The excavation was carried out in 1936 by Seán P. Ó Ríordáin, one of the most significant figures in twentieth-century Irish archaeology, and his published account catalogued the site as 'Site b' within a group of eight barrows in the Duntryleague townland. A barrow, in this context, is a mounded earthwork raised over a burial or series of burials, often dating to the Bronze Age, though the precise date of this particular group was not established by the dig. Despite methodical excavation, the only object recovered was a single small fragment of iron, which Ó Ríordáin himself noted may be of modern origin. The platform on which the barrows sit has a diameter of approximately 24 metres, and a further circular cropmark of around 20 metres appears in the south-east corner of the field, visible in Digital Globe imagery taken between 2011 and 2013, and also on Google Earth.
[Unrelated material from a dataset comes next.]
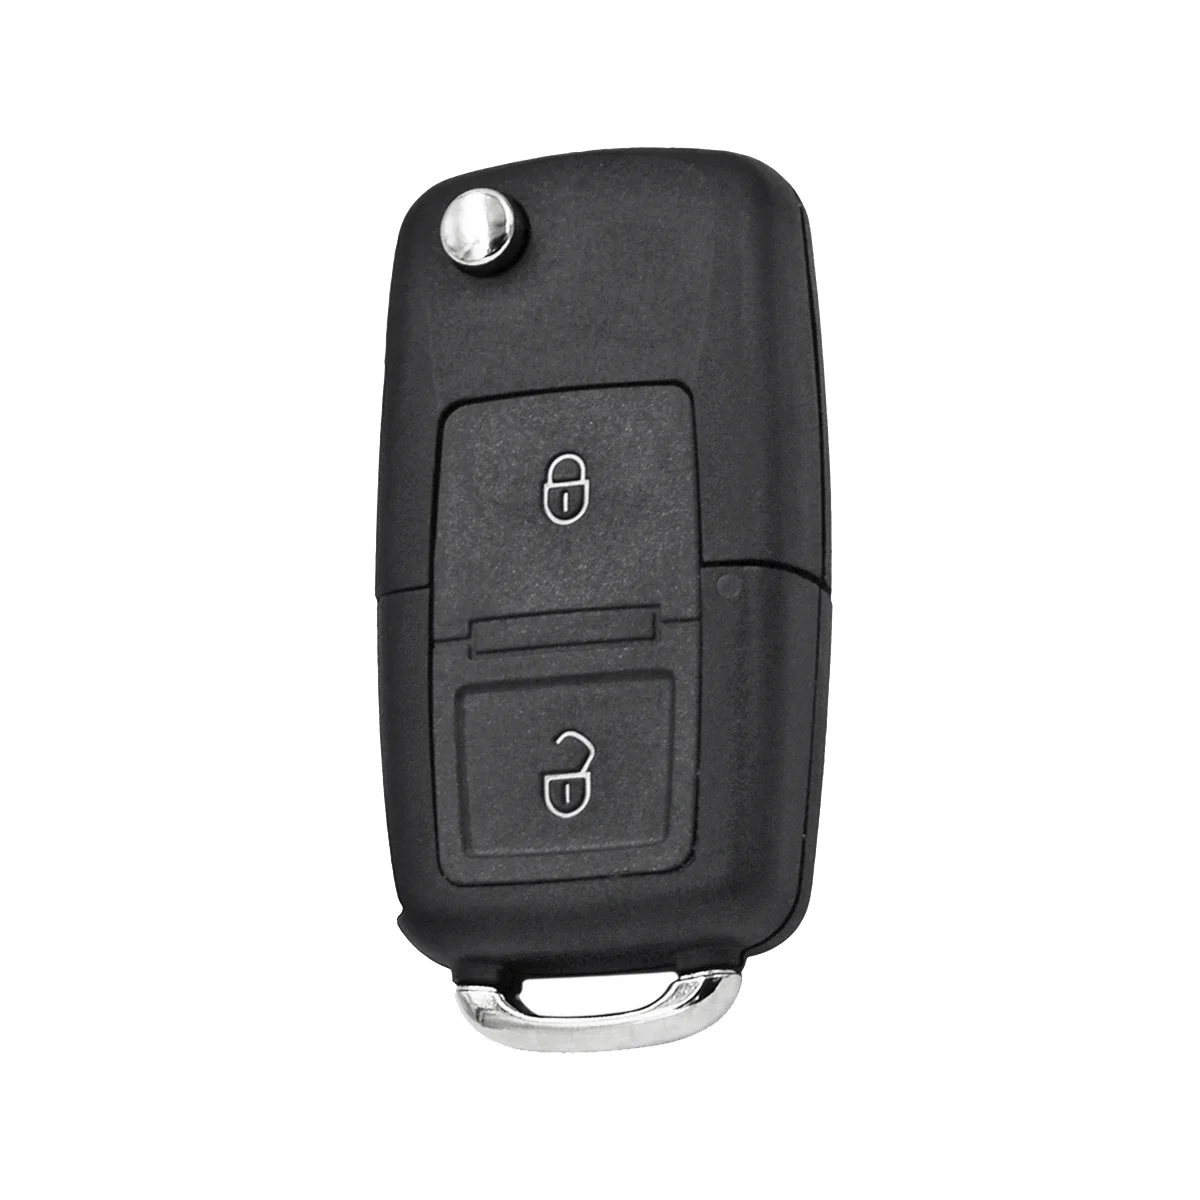 

KEYDIY B01-2 KD Remote Control Car Key Universal 2 Button for VW Style for KD900/KD-X2 KD MINI/ URG200 Programmer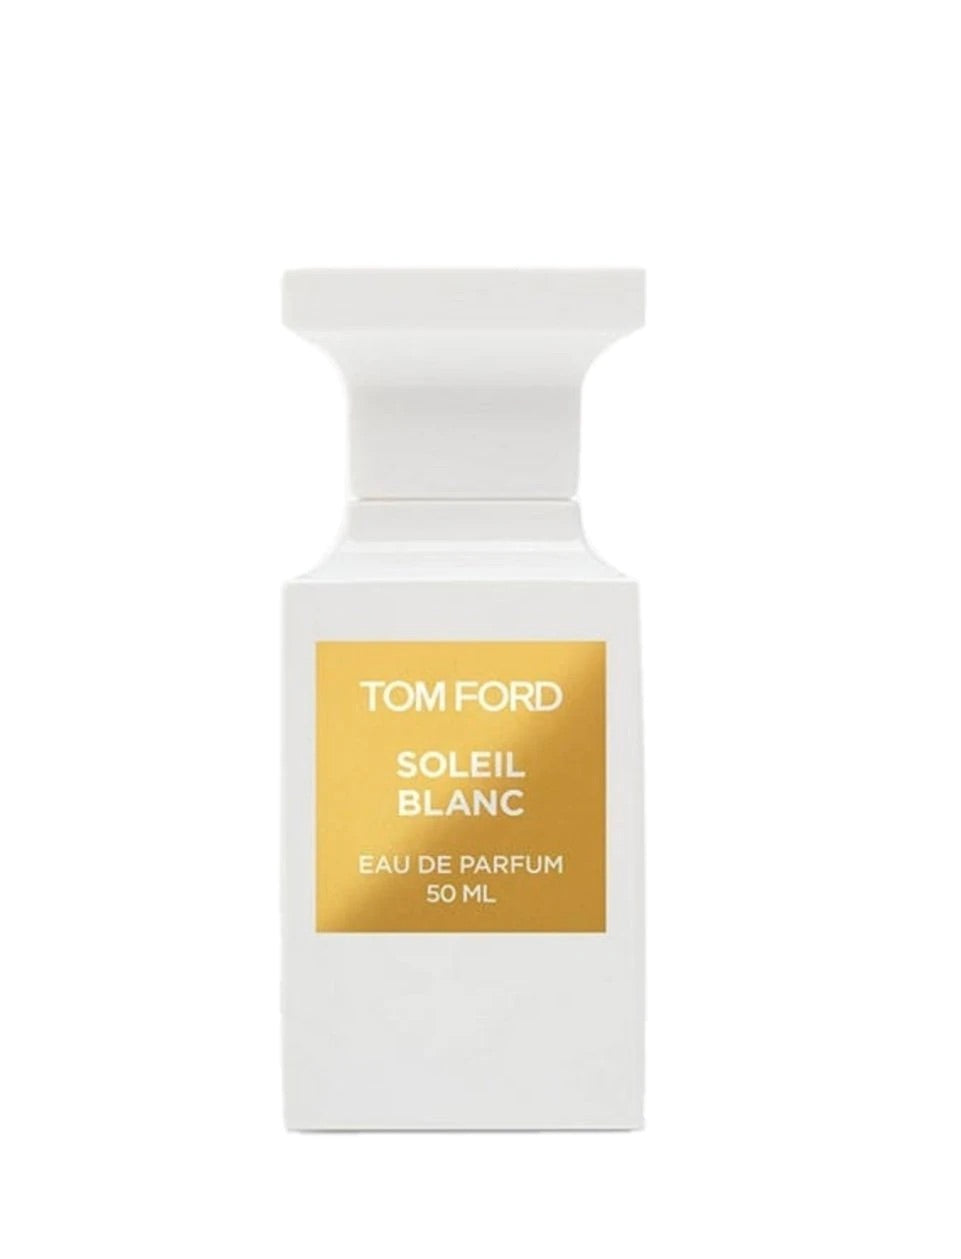 Tom Ford Soliel Blanc Eau De Parfum Samples

The site lies in pasture, roughly 70 metres south of the townland boundary with Ballynamona. Because it sits in agricultural land and carries no marker on historic Ordnance Survey mapping, locating it on the ground requires some preparation; the cropmarks that reveal the monument's outline are most legible from aerial imagery rather than at field level, where the raised platform is subtle underfoot. Consulting Google Earth orthoimages before a visit gives the clearest sense of the layout. There is nothing to excavate or disturb, and the field is privately farmed, so any approach should be made with the usual courtesies to landowners. The monument is most visible as cropmarks during dry summers, when the differential moisture retention of the soil above buried features tends to show up in the grass.